В тот же день в газете «Известия» было опубликовано позорное письмо 42-х писателей, озаглавленное так: «Писатели требуют от правительства решительных действий». Судить, сажать, закрывать газеты, арестовывать. Ну, с Черниченко и Оскоцкого взятки гладки, они поистине бешеные. Но каково было читать, что это письмо подписали Ахмадулина, Левитанский, Кушнер, Таня Век… Тонкие лирики, сердцеведы, поклонники Мандельштама. Помнится, что Мандельштам исповедовался эпохе: «Не волк я по крови своей»; «чтоб не видеть ни труса, ни хлипкой грязцы, ни кровавых костей в колесе». А этим, якобы любящим Мандельштама, нашим поэтам хочется «решительных действий», они жаждут увидеть «кровавые кости в колесе», они «волки» по своей крови, до сих пор носившие для маскировки овечьи шкурки. Впрочем, Кушнер иногда проговаривался и раньше: «Дымок от папиросы да ветреный канал, чтоб злые наши слезы никто не увидал».

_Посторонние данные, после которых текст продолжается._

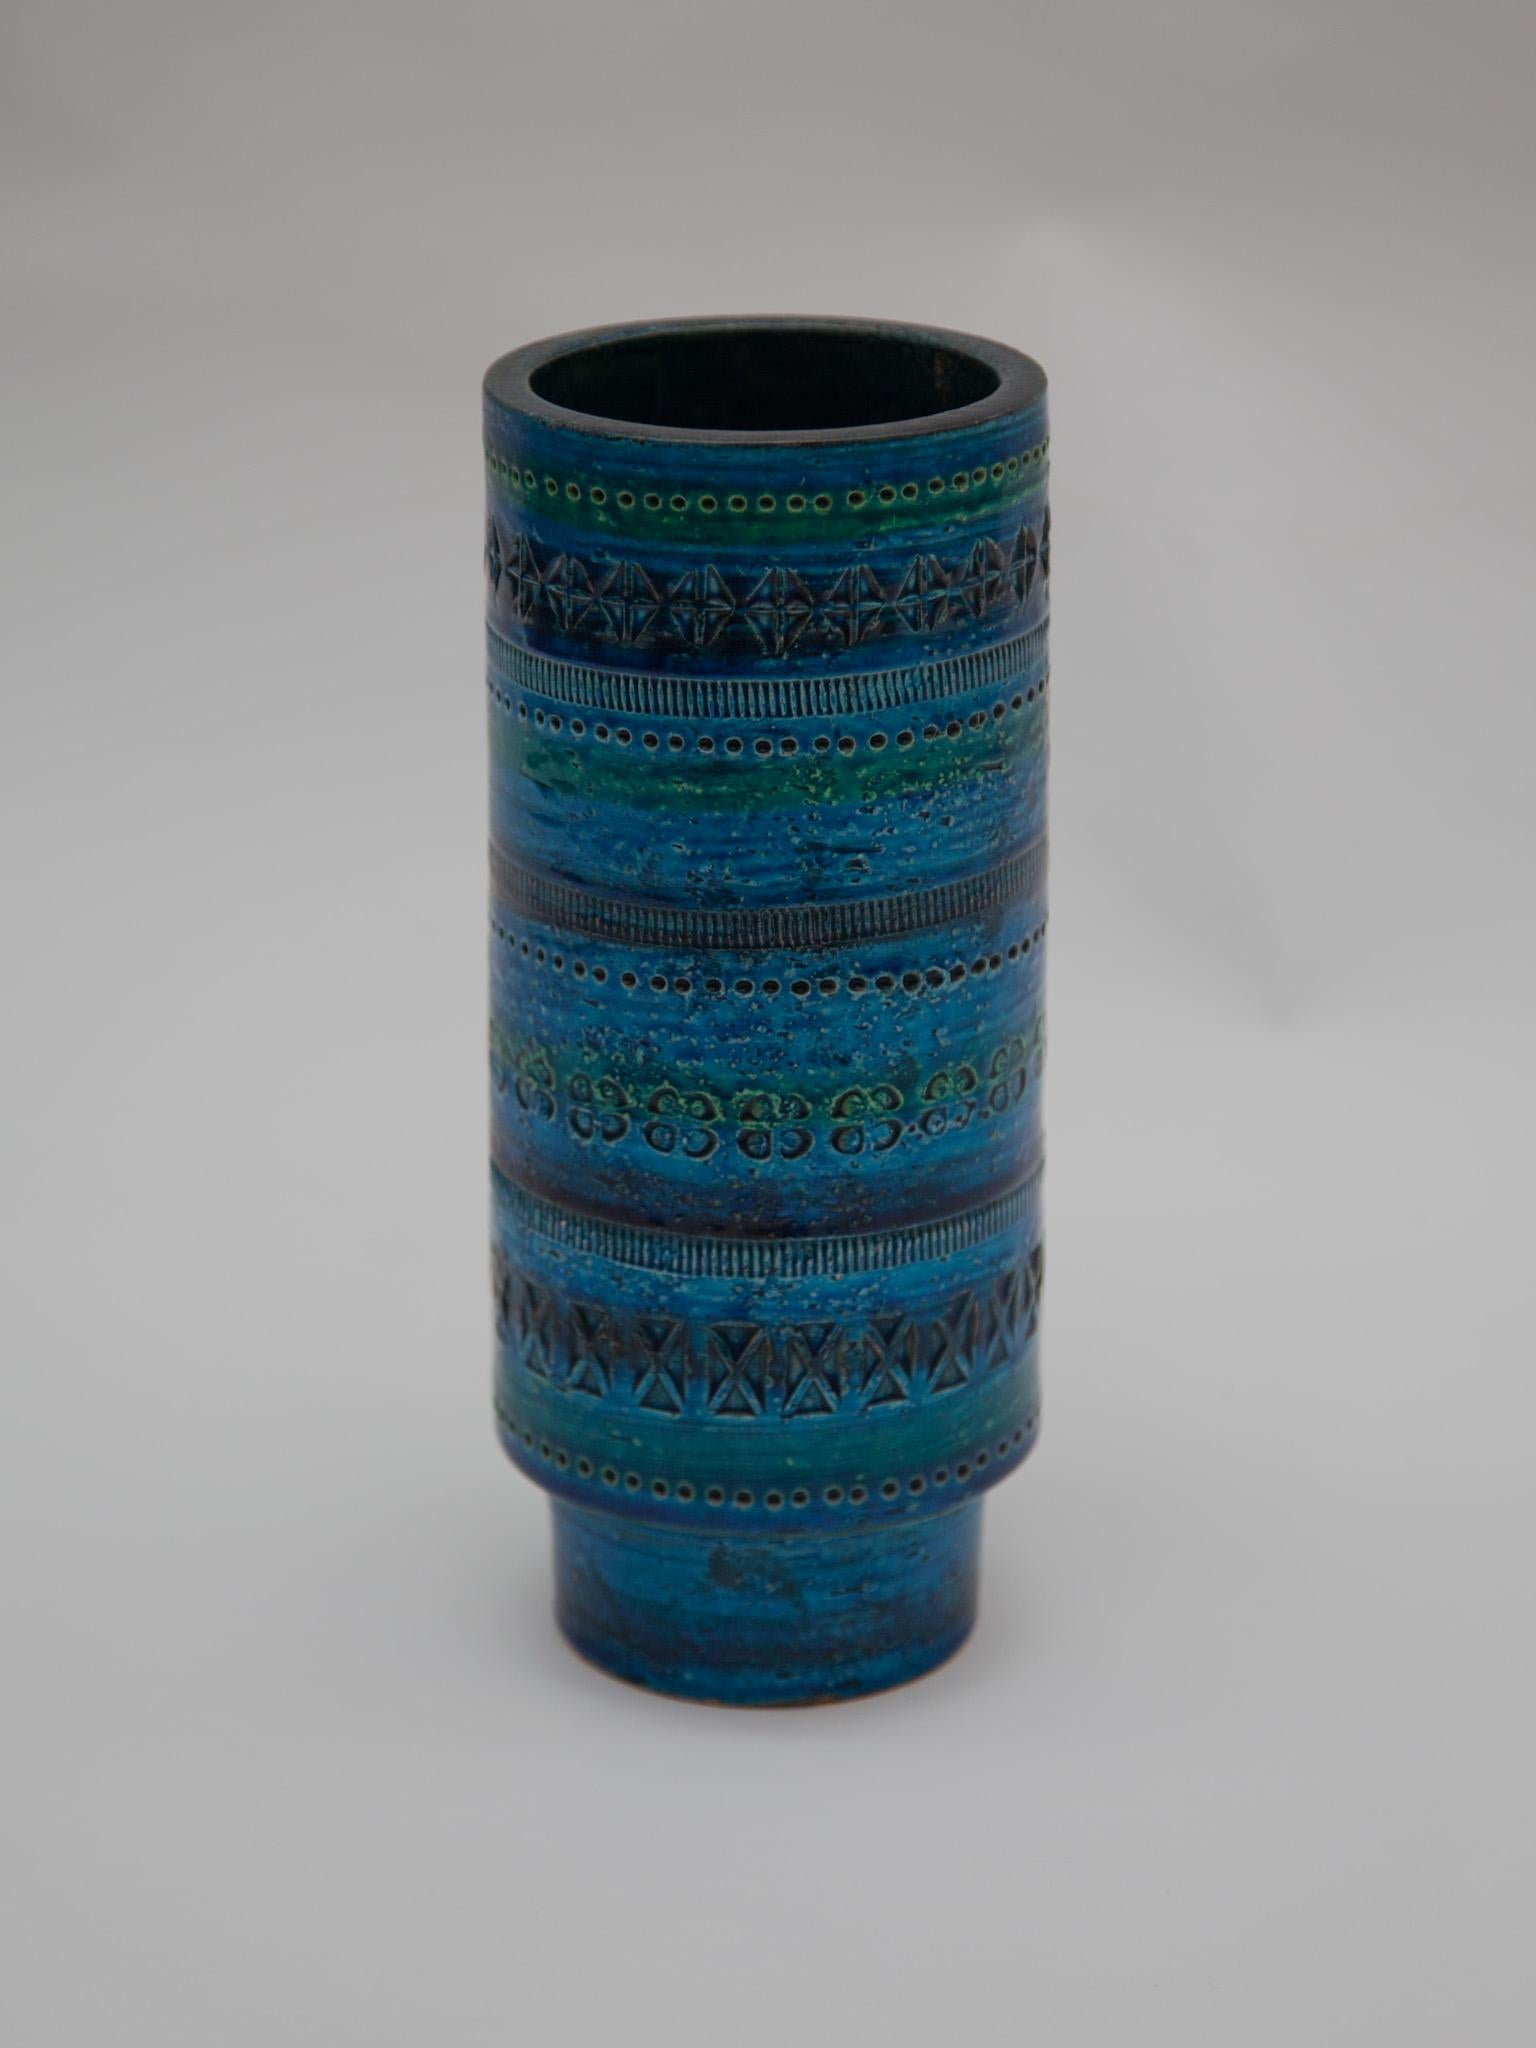 Moderne runde Vase aus blau glasierter Keramik, Italien, 1950-1960er Jahre. Entworfen von Aldo Londi und hergestellt von Bitossi. Handgefertigt in Italien mit handgeschnitztem geometrischem Muster in einem glasierten, lebhaften Türkis und

Немного времени прошло, а из этого списка призывавших к репрессиям многих уже нет с нами: Адамовича, Анфиногенова, Ал. Иванова, Нагибина, Лихачева (да, да, «совести» русской литературы! — Ст. К,), Савельева, Окуджавы, Разгона, Рождественского, Селюнина, Левитанского, Дудина, Иод— ковского… Они жаждали людского суда над своими коллегами, ан все случилось иначе. Поистине вспомнишь вещие слова русского поэта: «Но есть, есть Божий суд»…

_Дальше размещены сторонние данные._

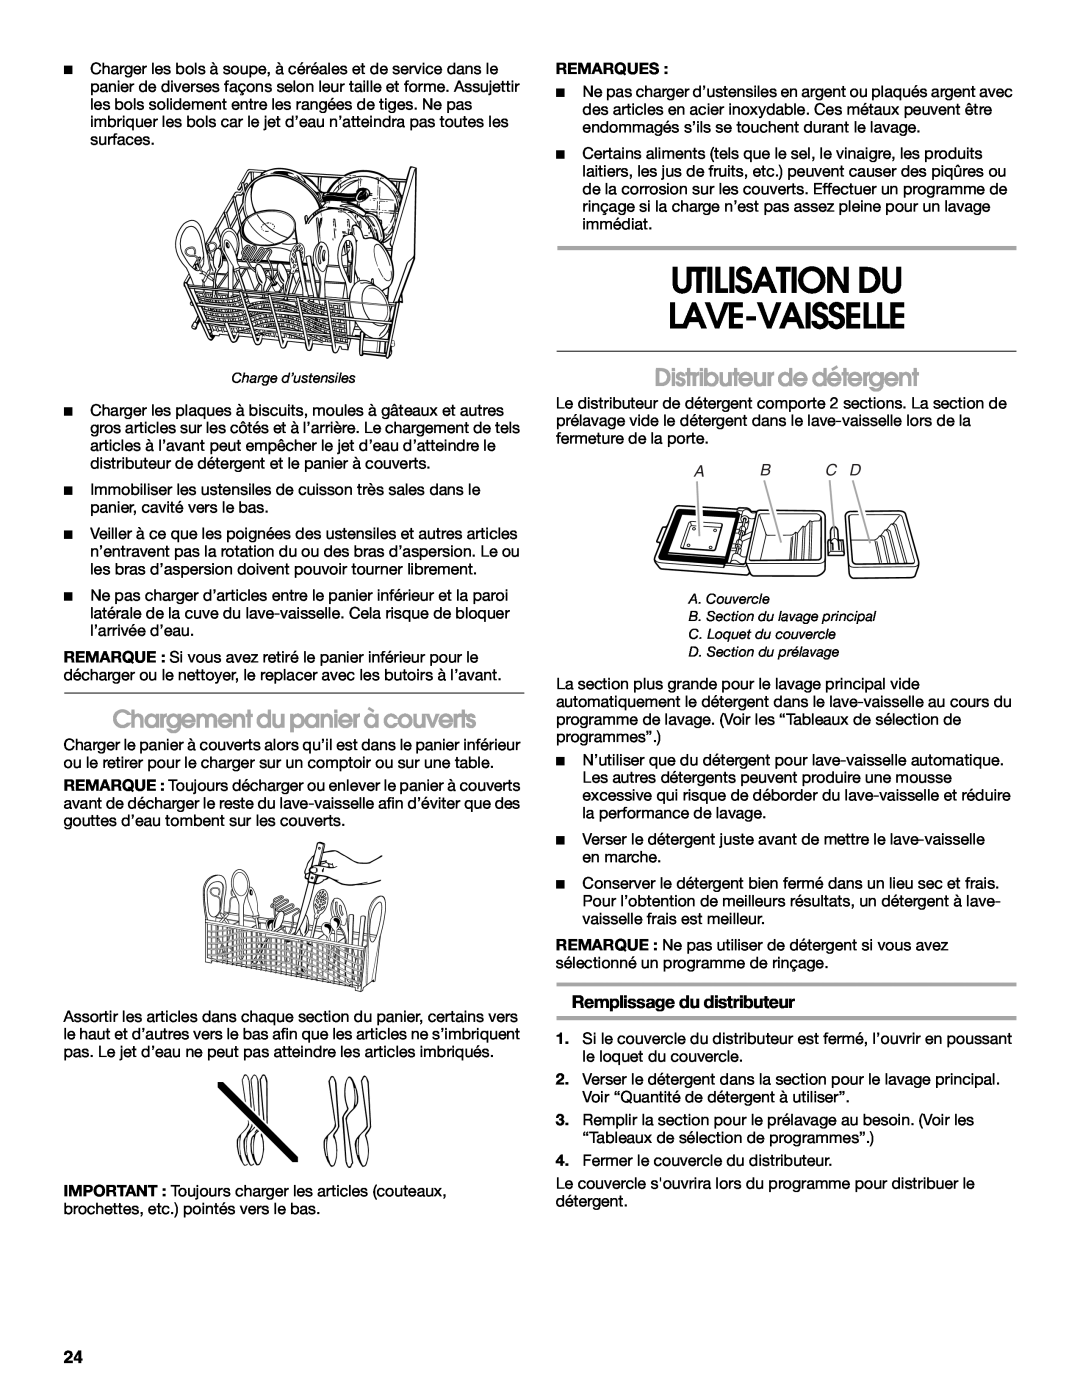 Estate TUD6900 manual Utilisation Du Lave-Vaisselle, Chargement du panier à couverts, Distributeur de détergent, Remarques

Из литературного дневника тех дней:

«Раздавите гадину!» — заклинал с пеной у рта один из сорока двух подписантов, Юрий Черниченко, компанию молодых ребят, встретившихся ему на вечерней московской улице в кровавые октябрьские дни. Тут же рядом с Черниченко каким-то образом оказался телеоператор, записавший на пленку каннибальские призывы летописца брежневской эпохи. Откуда молодым людям было знать, что перед ними брызжет слюной не просто рассерженный пожилой человек, а один из главных певцов целины, автор киносценария о косноязычном генсеке, придворный журналист одного из самых могущественнейших и криминальных секретарей обкомов КПСС — краснодарского князька Ме— дунова? Если он под «гадиной» подразумевал коммунистическую партию, то надо признаться, что он очень хорошо обслуживал ее в свое время. Но дело уже не в политическом лакействе, а в позорном невежестве писателя. Забыл он, должно быть (а может, и никогда не знал), что призыв идеолога кровавой Французской революции Вольтера «Раздавите гадину» относился к католической церкви Франции и что этим призывом воспользовались палачи якобинцы. Воплощая в жизнь безумный лозунг Вольтера, они жгли и грабили по всей Франции монастыри и церкви, вспарывали животы провинциальным священникам, топили их в Сене и Луаре сотнями, насиловали монахинь и справляли атеистические шабаши по всей несчастной стране, предвосхищая деяния нашего антицерковного чекиста Губельмана-Ярославского, который тоже призывал «раздавить гадину» — русскую православную церковь.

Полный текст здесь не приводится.